1

There is a weird whitespace character I can't seem to get rid of that occasionally shows up in my data when importing from Excel. Visibly, it comes across as a whitespace character BUT SQL Server sees it as a question mark (ASCII 63).

declare @temp nvarchar(255); set @temp = 'carolg@c?am.com'
select @temp

returns:

?carolg@c?am.com

How can I get rid of the whitespace without getting rid of real question marks? If I look at the ASCII code for each of those "?" characters I get 63 when in fact, only one of them is a real qustion mark.

wgpubs
  • 8,131
  • 15
  • 62
  • 109
  • what if you do an Ltrim(@temp)? – Harry Oct 17 '17 at 00:09
  • 2
    Note: If, for some reason, you wanted to keep the string as is, you would do `set @temp = N'mystring'` (explicitly declaring the string is unicode, which you should do even if your variable is `NVARCHAR`) rather than what you're currently doing. – ZLK Oct 17 '17 at 00:18
  • Look s like a character set mismatch. – Namphibian Oct 17 '17 at 00:55
  • Your question does not appear to contain the character you are discussing. Please add it. @ZLK gives the answer for your demo code but I take it that in Excel you aren't using that code. So, what's your real code, too? – Tom Blodget Oct 17 '17 at 13:57
  • @TomBlodget ... when I copy/paste it doesn't show up. The character turns out to be "0x0B20" (unicode for zero-width space). The answer below resolved it. – wgpubs Oct 17 '17 at 21:24

1 Answers1

2

Have a look at this answer for someone with a similar issue. Sorry if this is a bit long winded:

SQL Server seems to flatten Unicode to ASCII by mapping unrepresentable characters (for which there is no suitable substitution) to a question mark. To replicate this, try opening the Character Map Windows program (should be installed on most machines), select Arial as the font and find U+034f "Combining Grapheme Joiner". select this character, copy to clipboard and paste it between the single quotes below:

declare @t nvarchar(10)
set @t = '͏'
select rtrim(ltrim(@t)) -- we can try and trim it, but by this stage it's already a '?'

You'll get a question mark out, because it doesn't know how to represent this non-ASCII character when it casts it to varchar. To force it to accept it as a double-byte character (nvarchar) you need to use N'' instead, as has already been mentioned. Add an N before the quotes above and the question mark disappears (but the original invisible character is preserved in the output - and ltrim and rtrim won't remove it as demonstrated below):

declare @t nvarchar(10), 
        @s varchar(10) -- note: single-byte string
set @t = rtrim(ltrim(N'͏')) -- trimming doesn't work here either
set @s = @t 
select @s -- still outputs a question mark

Imported data can definitely do this, I've seen it before, and characters like the one I've shown above are particularly hard to diagnose because you can't see them! You will need to create some sort of scrubbing process to remove these unprintables (and any other junk characters, for that matter), and make sure that you use nvarchar everywhere, or you'll end up with this issue. Worse, those phantom question marks will become real question marks that you won't be able to distinguish from legitimate ones.

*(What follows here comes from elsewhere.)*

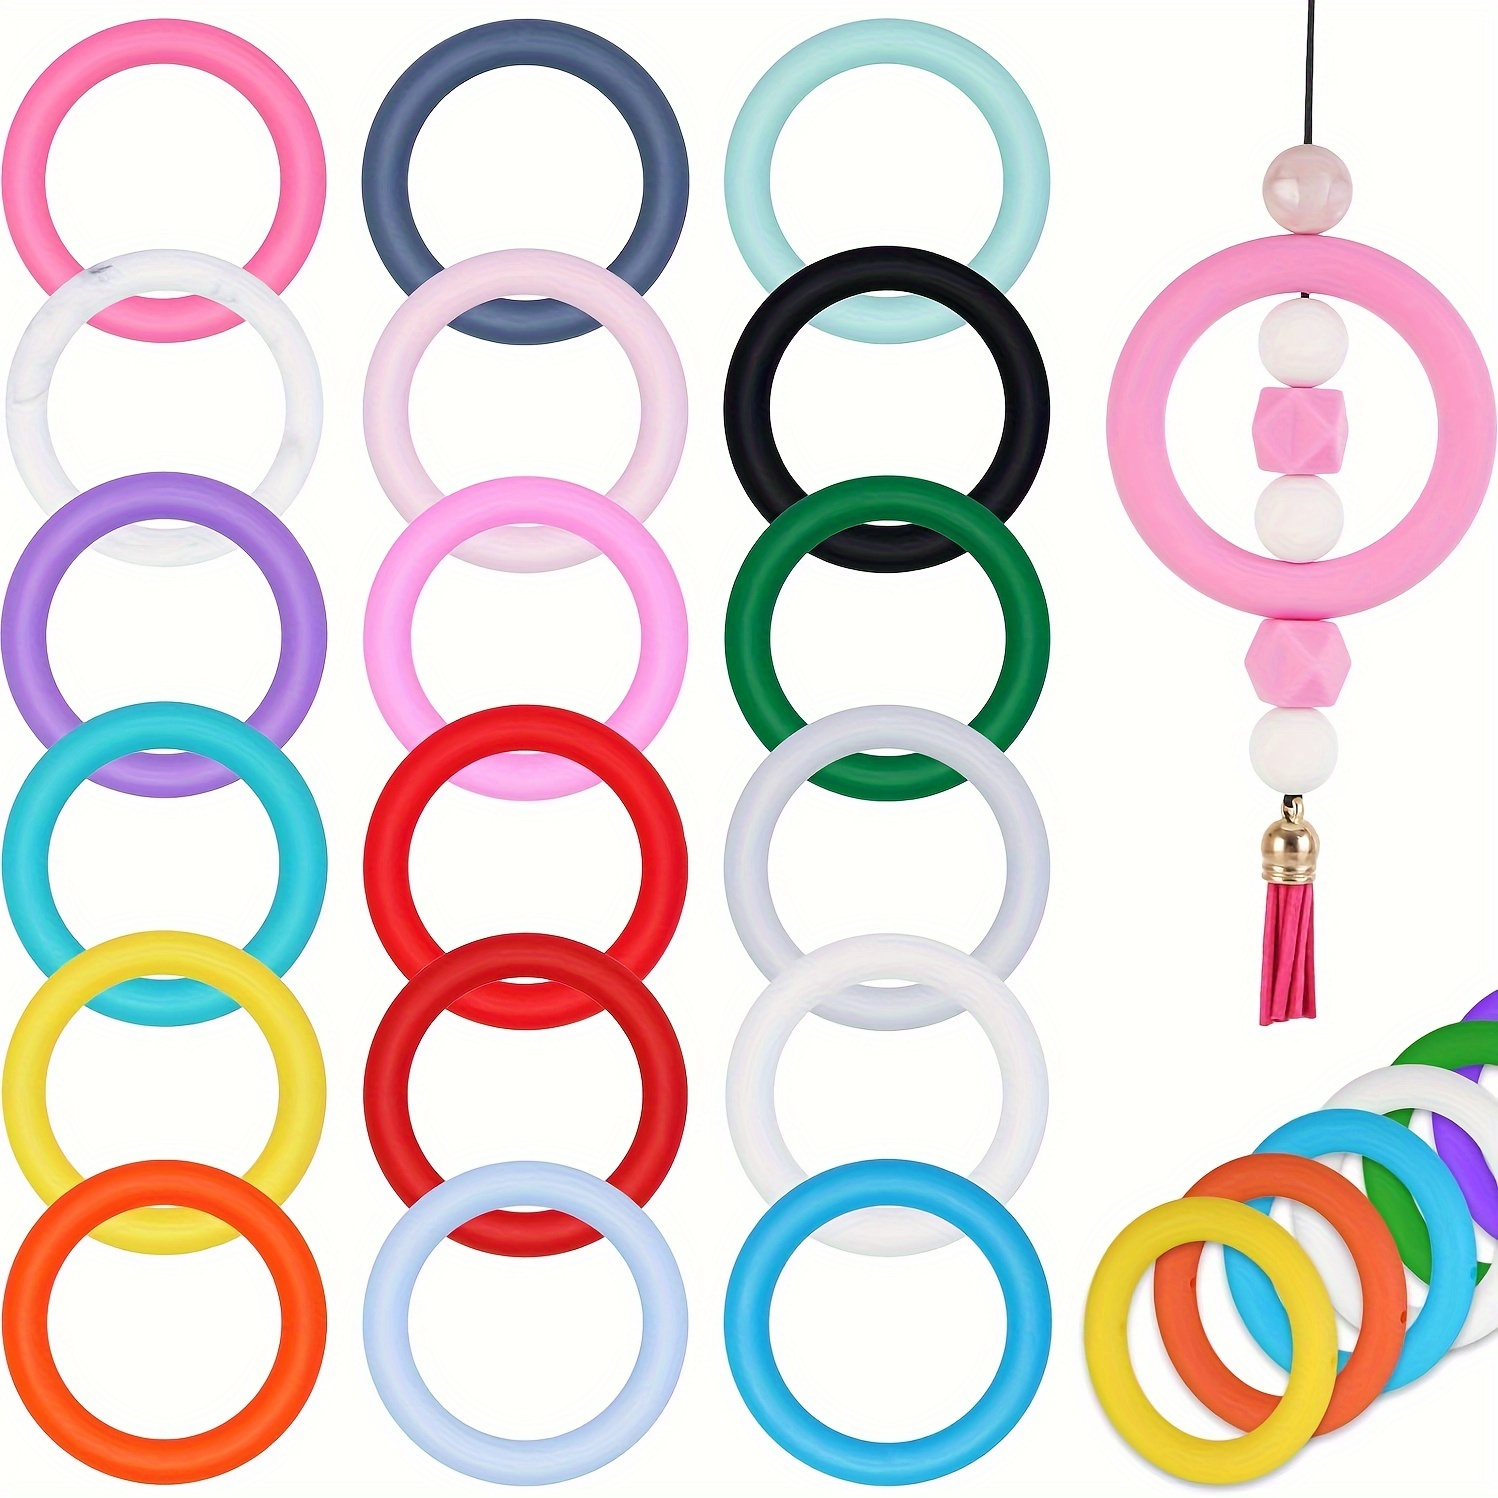 

18pcs Color Silicone O-shape Ring Bulk Beads, Hollow Silicon Ring Beads To Make Key Chain Beads Lanyard Non-separate Necklace Pendant For Bracelet Necklace Connecting Silicone Ring Accessories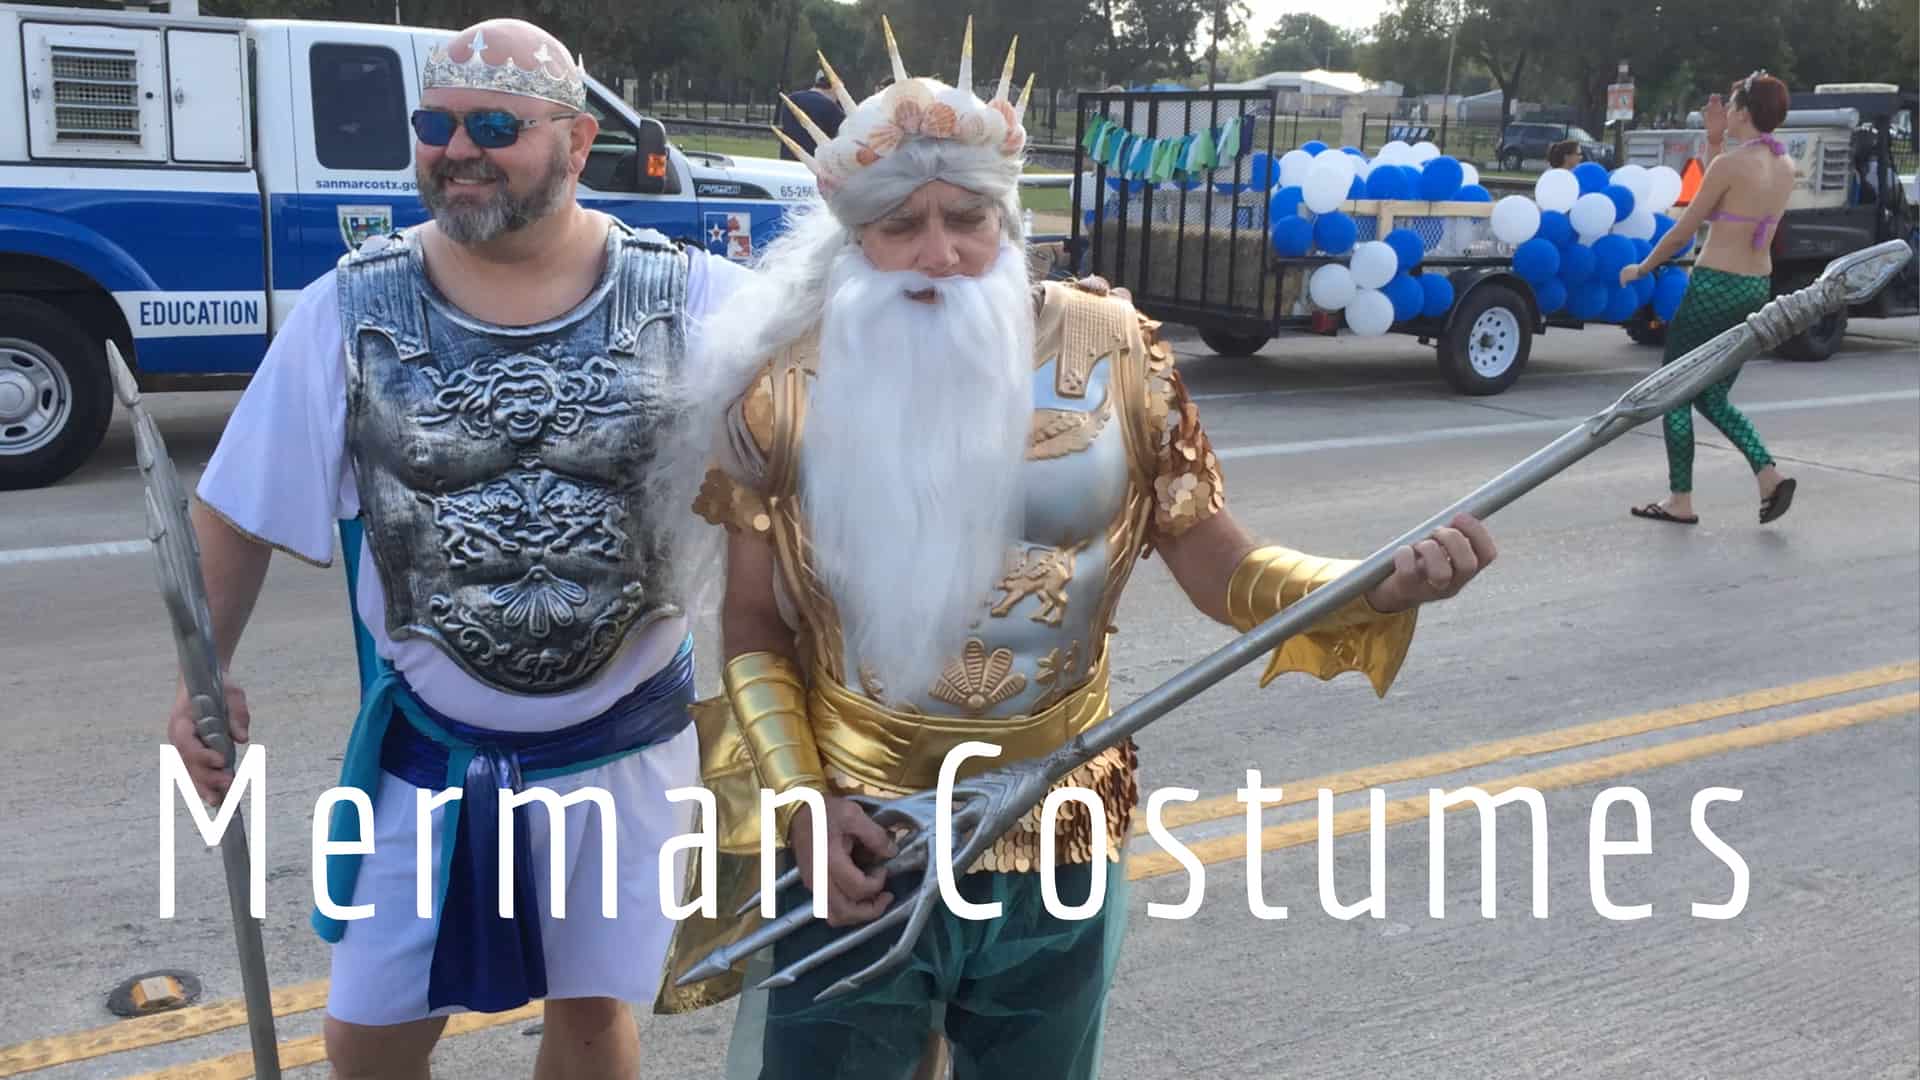 MerMan Costumes - Ideas And Inspirations For Parties and Parades

To see what character code you're dealing with, you can cast as varbinary as follows:

declare @t nvarchar(10)
set @t = N'͏test?'
select cast(@t as varbinary) -- returns 0x4F0374006500730074003F00

-- Returns:
-- 0x4F03  7400 6500 7300 7400 3F00
-- badchar  t    e    s    t    ?

Now to get rid of it:

declare @t nvarchar(10)
set @t = N'͏test?'
select cast(@t as varbinary) -- bad char
set @t = replace(@t COLLATE Latin1_General_100_BIN2, nchar(0x034f), N'');
select cast(@t as varbinary)  -- gone!

Note I had to swap the byte order from 0x4f03 to 0x034f (same reason "t" appears in the output as 0x7400, not 0x0074). For some notes on why we're using binary collation, see this answer.

This is kind of messy, because you don't know what the dirty characters are, and they could be one of thousands of possibilities. One option is to iterate over strings using like or even the unicode() function and discard characters in strings that aren't in a list of acceptable characters, but this could be slow. It may be that most of your bad characters are either at the start or end of the string, which might speed this process up if that's an assumption you think you can make.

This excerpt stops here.